Oleh: B. B. Soegiono, Penulis lepas.
Setelah dari seminggu sebelumnya merencanakan pertemuan, akhirnya pada Minggu, 13 Desember 2020, aku, Kim Al Ghozali AM (Kim Al Ghozali], dan Afrizal Malna mengeksekusi rencana tersebut. Kami bertemu di Coffee Toffee, tempat yang direkomendasi oleh Afrizal. Sedangkan hari dan waktunya; aku dan Kim yang menentukan. Sebab, Afrizal sendiri juga memasrahkan hari dan waktu pertemuan kepada kami berdua. Hal itu dilakukannya mungkin karena dia tidak mau ambil pusing soal hari dan waktu, yang penting urusan tempat telah sesuai dengan kemauannya: Coffee Toffee di Surabaya.
Pada pertemuan itu, Afrizal menunggu sekitar 1 jam di tempat tersebut. Waktu bertemu yang sebelumnya disepakati yaitu pukul 16.00 WIB. Namun, karena hujan turun di luar perkiraan manusia, kami berdua (aku dan Kim) terjebak hujan yang sangat deras dari Sidoarjo. Dan, kami tidak bisa menerobos hujan begitu saja, karena persoalan barang-barang yang kami bawa, seperti gitar, laptop, dan buku-buku pribadi, tanpa persediaan mantel yang memadai. Walhasil, dengan adanya kendala tersebut, kami yang sudah dihubungi oleh Afrizal sejak pukul 15.58 WIB; datang atau tiba ke kediamannya pada pukul 17.02 WIB.

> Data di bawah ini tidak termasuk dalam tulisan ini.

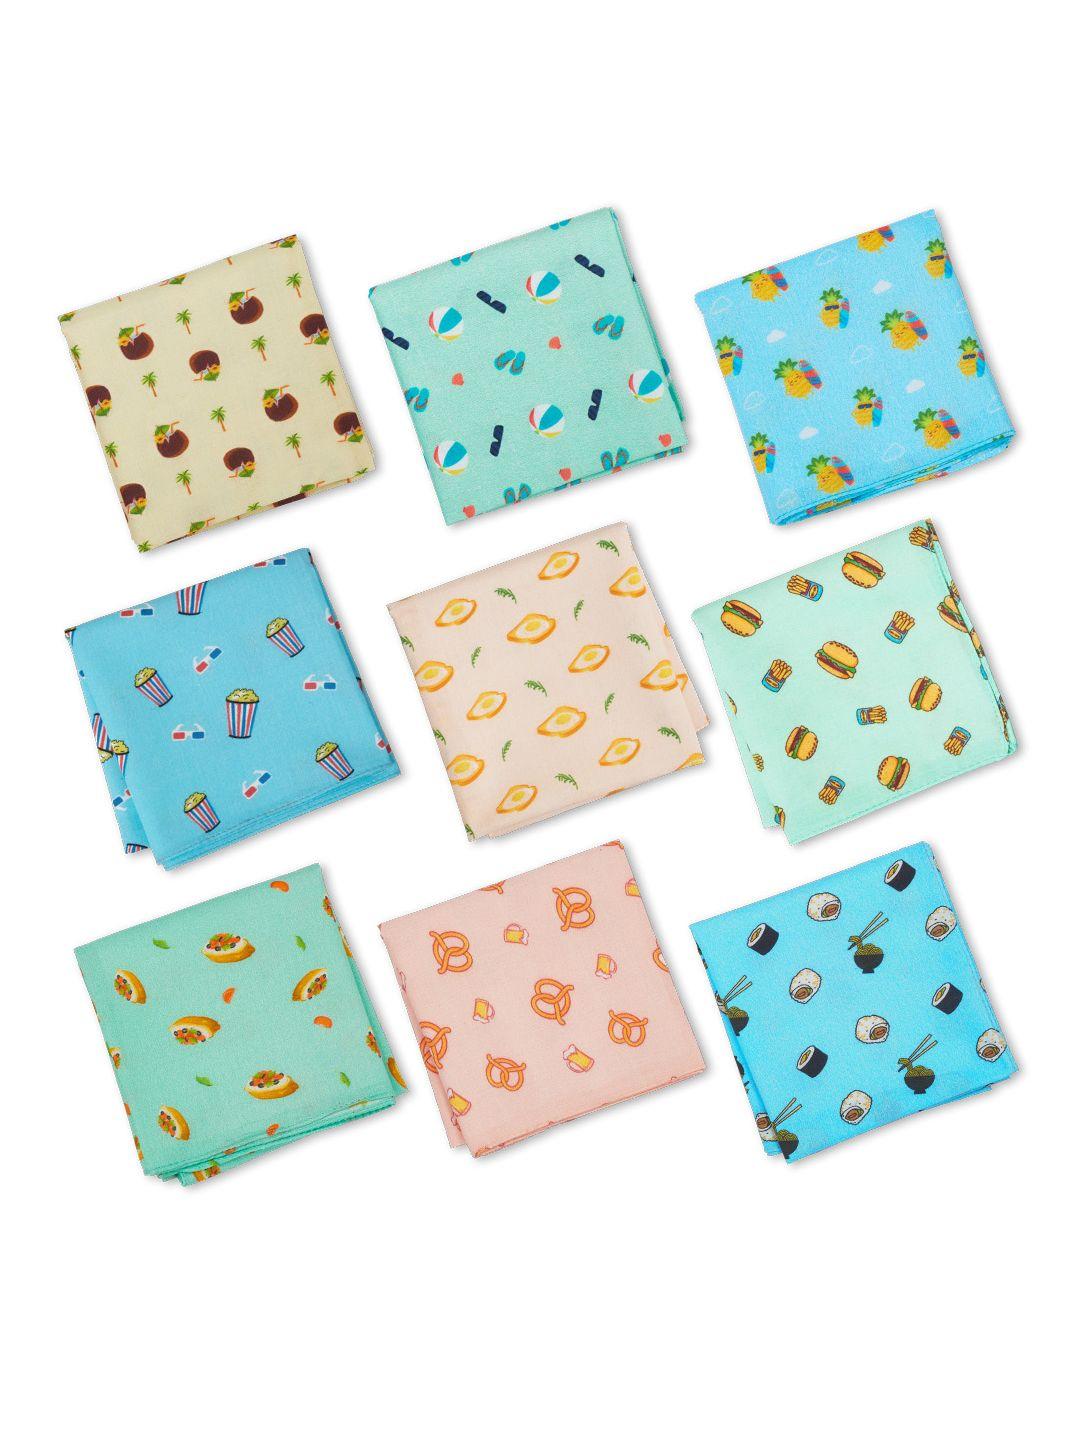 hexafun men 9 pieces multicolored printed pure organic cotton handkerchief set

Setelah melakukan basa-basi pertemuan, sambil menikmati lintingan rokok produksi sendiri, pesanan kopi [karena di tempat itu tidak menjual bir], dan sebungkus Jarum Super, kami bertiga melakukan pembicaraan yang cukup cair. Pembicaraan yang kami lakukan tidak hanya berfokus pada hal-hal yang menjadi fokus bidang kami, tetapi apa pun, tanpa terkecuali. Misalnya, tentang persoalan identitas setiap orang, aktivitas kerja, isu Covid-19 yang semakin absurd, kesenian (teks maupun nonteks), dan lain-lain.
Di dalam pertemuan itu, tidak ada yang menjadi pendominasi berbicara, tidak ada yang terfokus berperan sebagai subjek dan tidak ada yang terfokus berperan sebagai objek, tetapi sama-sama mengambil kedua peran tersebut. Artinya, pada bagian tertentu di antara kami bertiga ada yang menjadi pembicara dan ada yang menjadi pendengar, begitu seterusnya secara bergantian.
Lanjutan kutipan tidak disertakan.